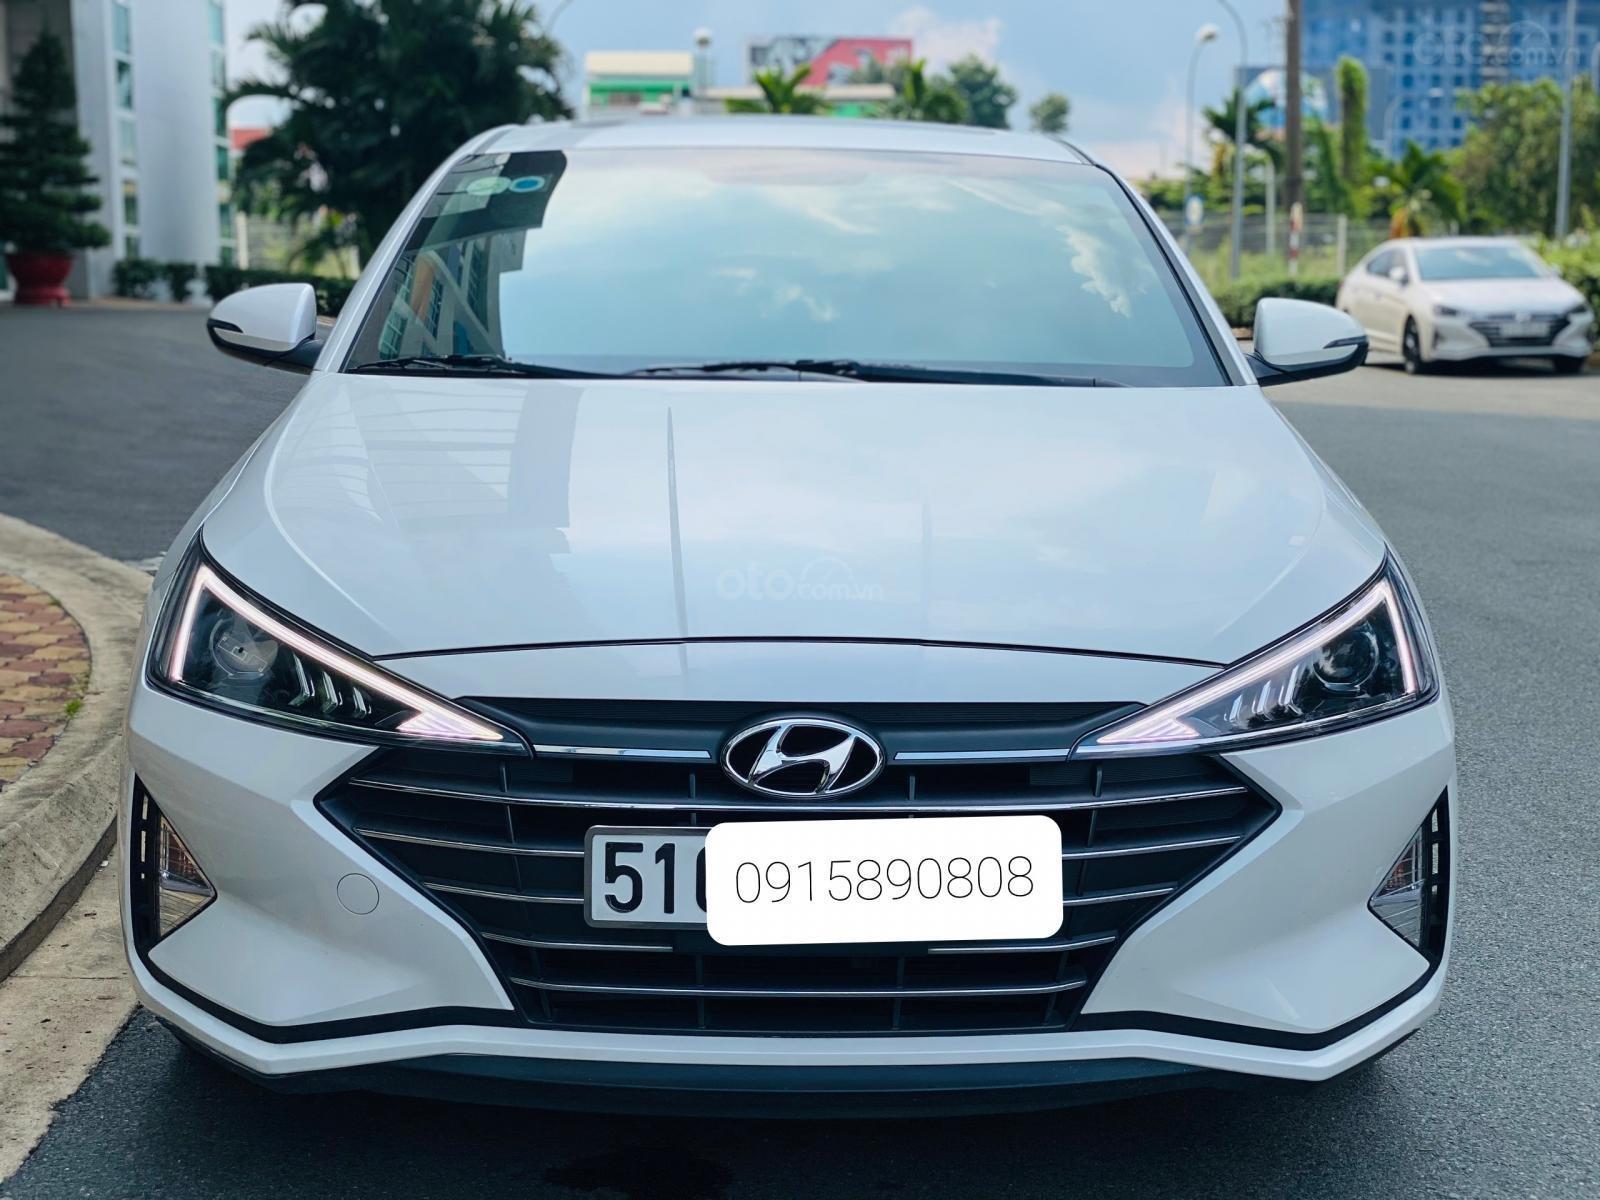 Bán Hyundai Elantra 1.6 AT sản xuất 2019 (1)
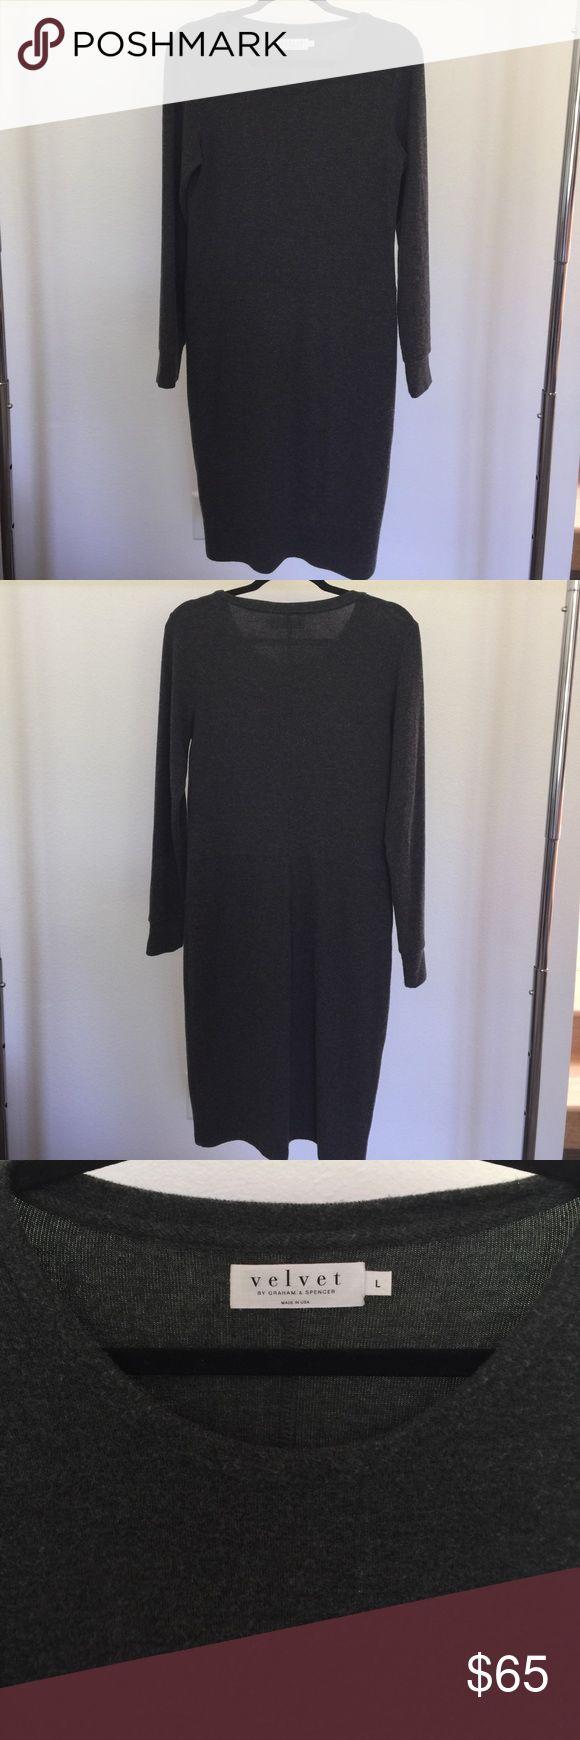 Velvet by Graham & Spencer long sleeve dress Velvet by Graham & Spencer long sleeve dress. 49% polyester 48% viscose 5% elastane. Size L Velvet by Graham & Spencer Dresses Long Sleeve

◆ ◆ ◆ ◆ ◆ ◆ ◆

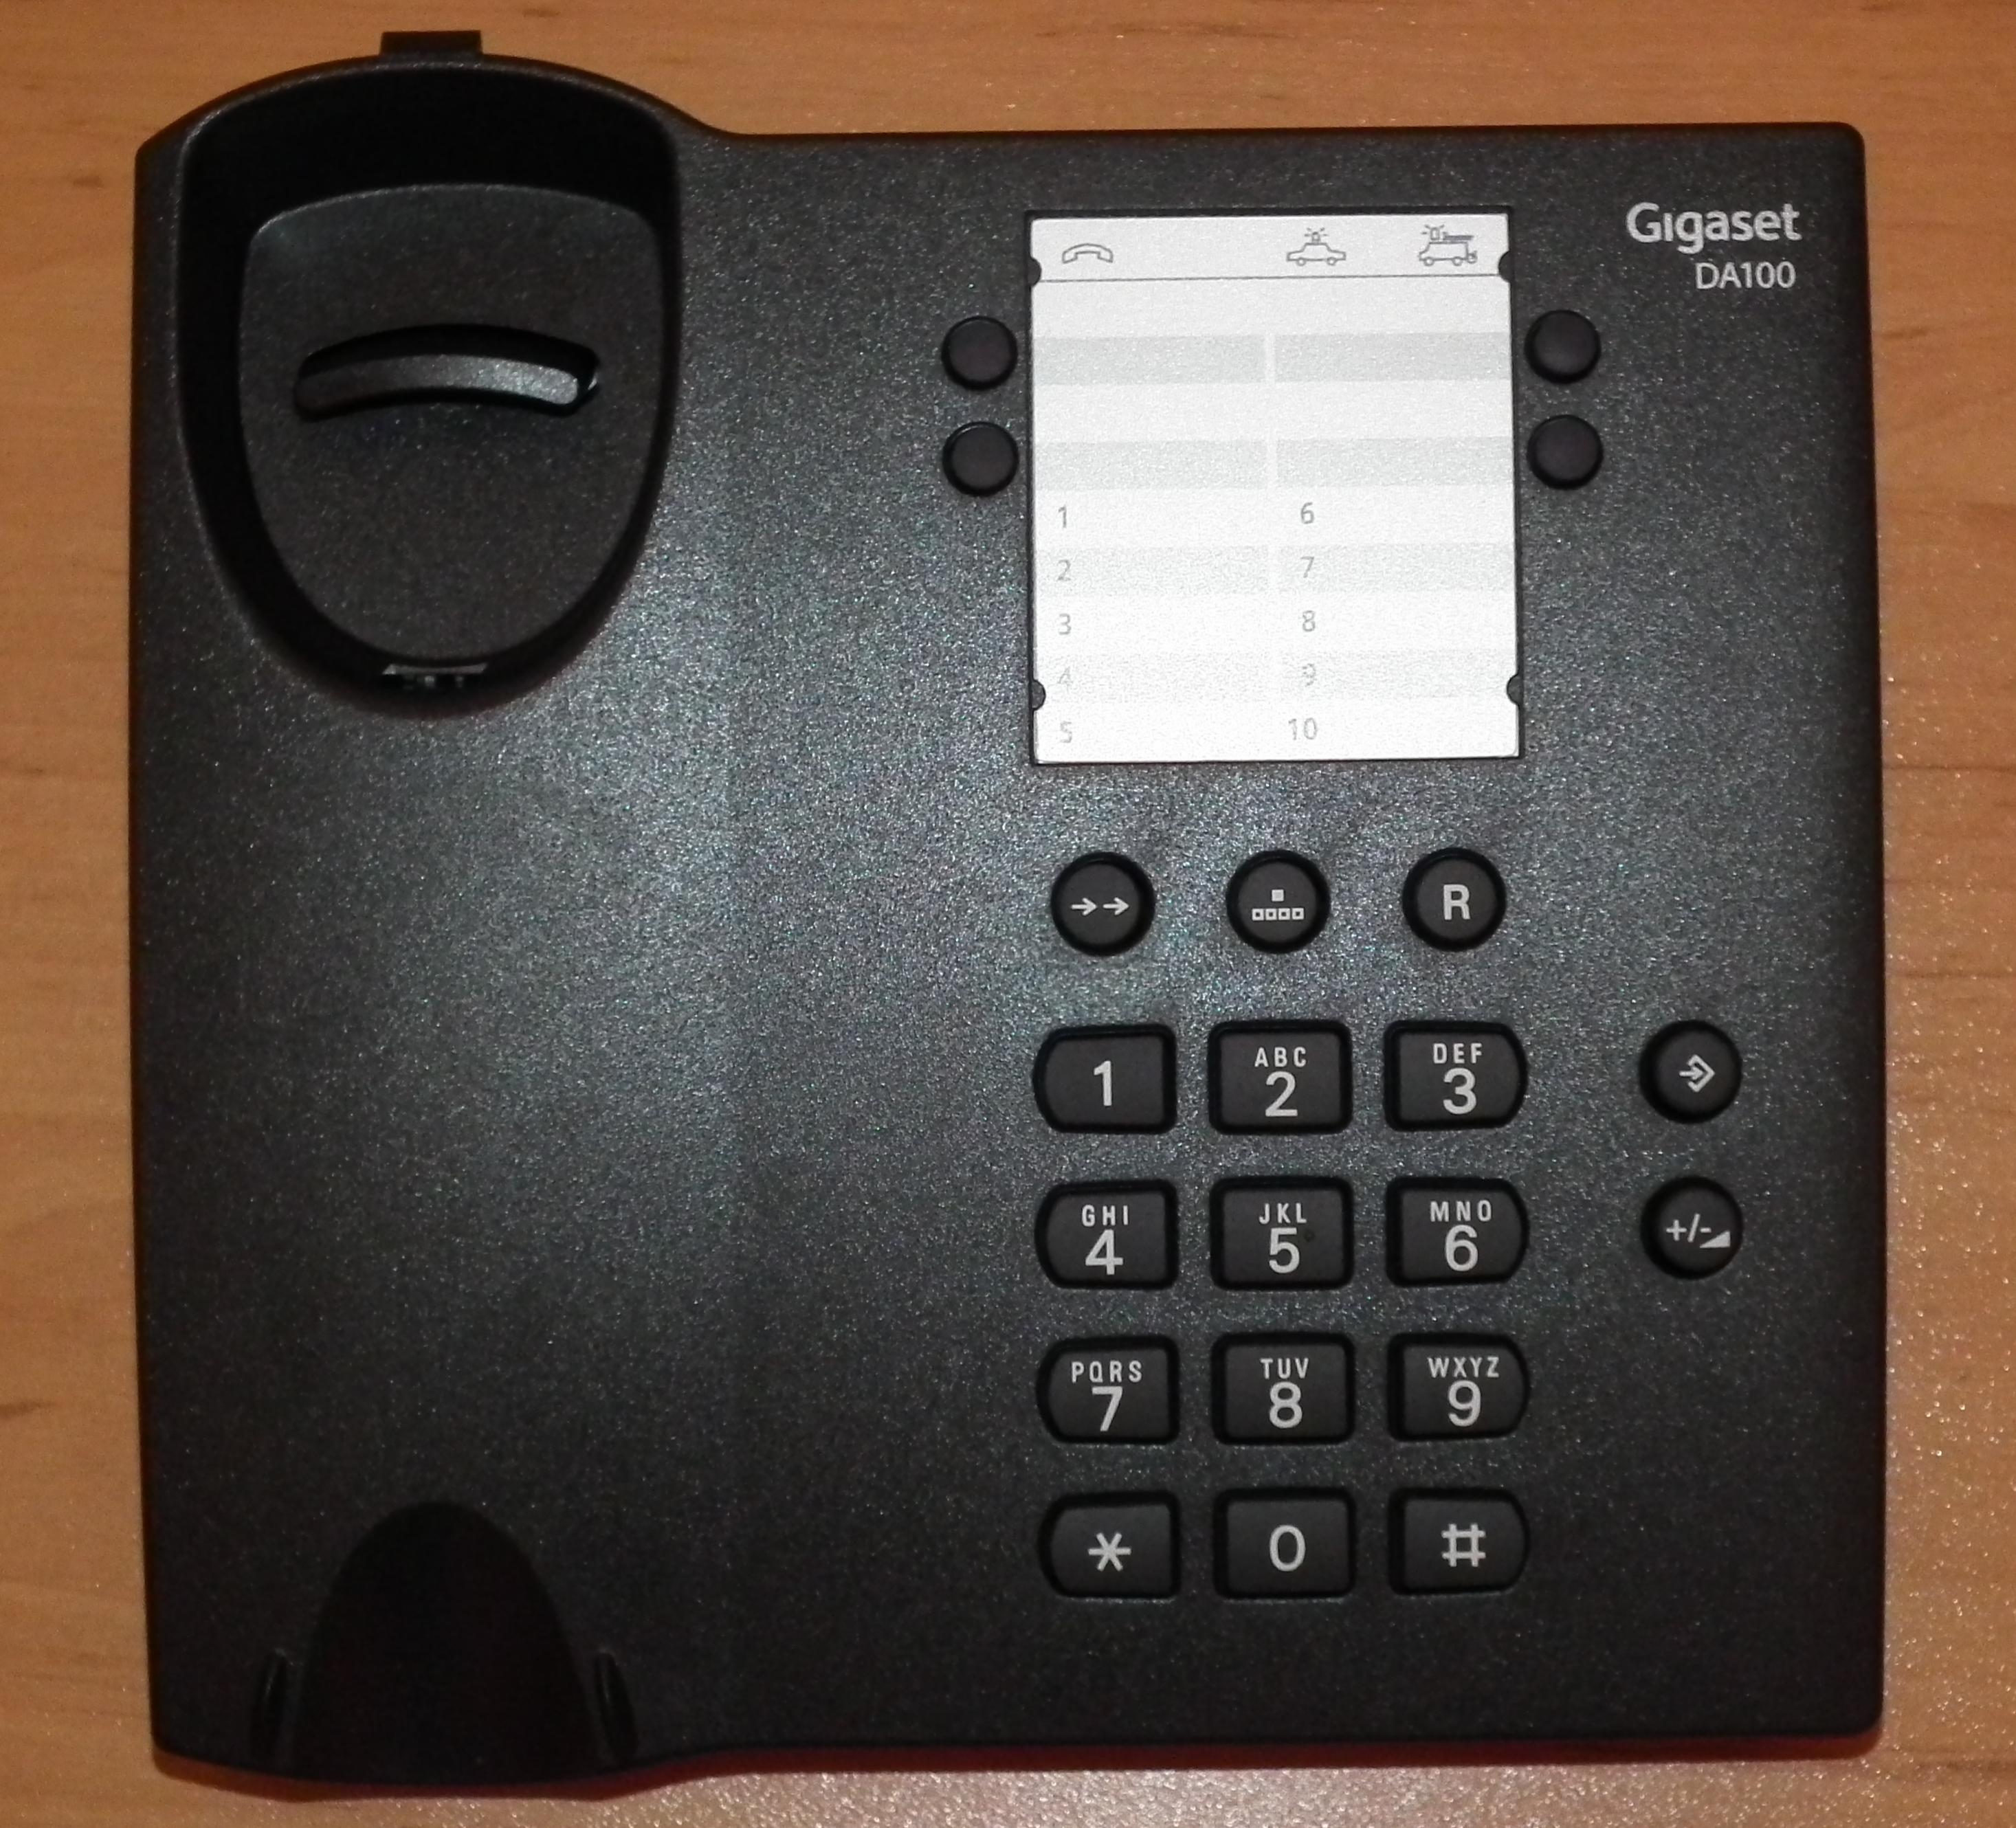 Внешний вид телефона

◆ ◆ ◆ ◆ ◆ ◆ ◆

- [WHAT YOU HAVE TO DO] Each line above that falls between the line with "Bán Hyundai Elantra 1.6 AT sản xuất 2019 (1)" and the line with "Velvet by Graham & Spencer long sleeve dress Velvet" should be printed exactly, together with those two lines, but the pictures should not.

- [EXERCISE RESULT]
 Bán Hyundai Elantra 1.6 AT sản xuất 2019 (1)
 Velvet by Graham & Spencer long sleeve dress Velvet by Graham & Spencer long sleeve dress. 49% polyester 48% viscose 5% elastane. Size L Velvet by Graham & Spencer Dresses Long Sleeve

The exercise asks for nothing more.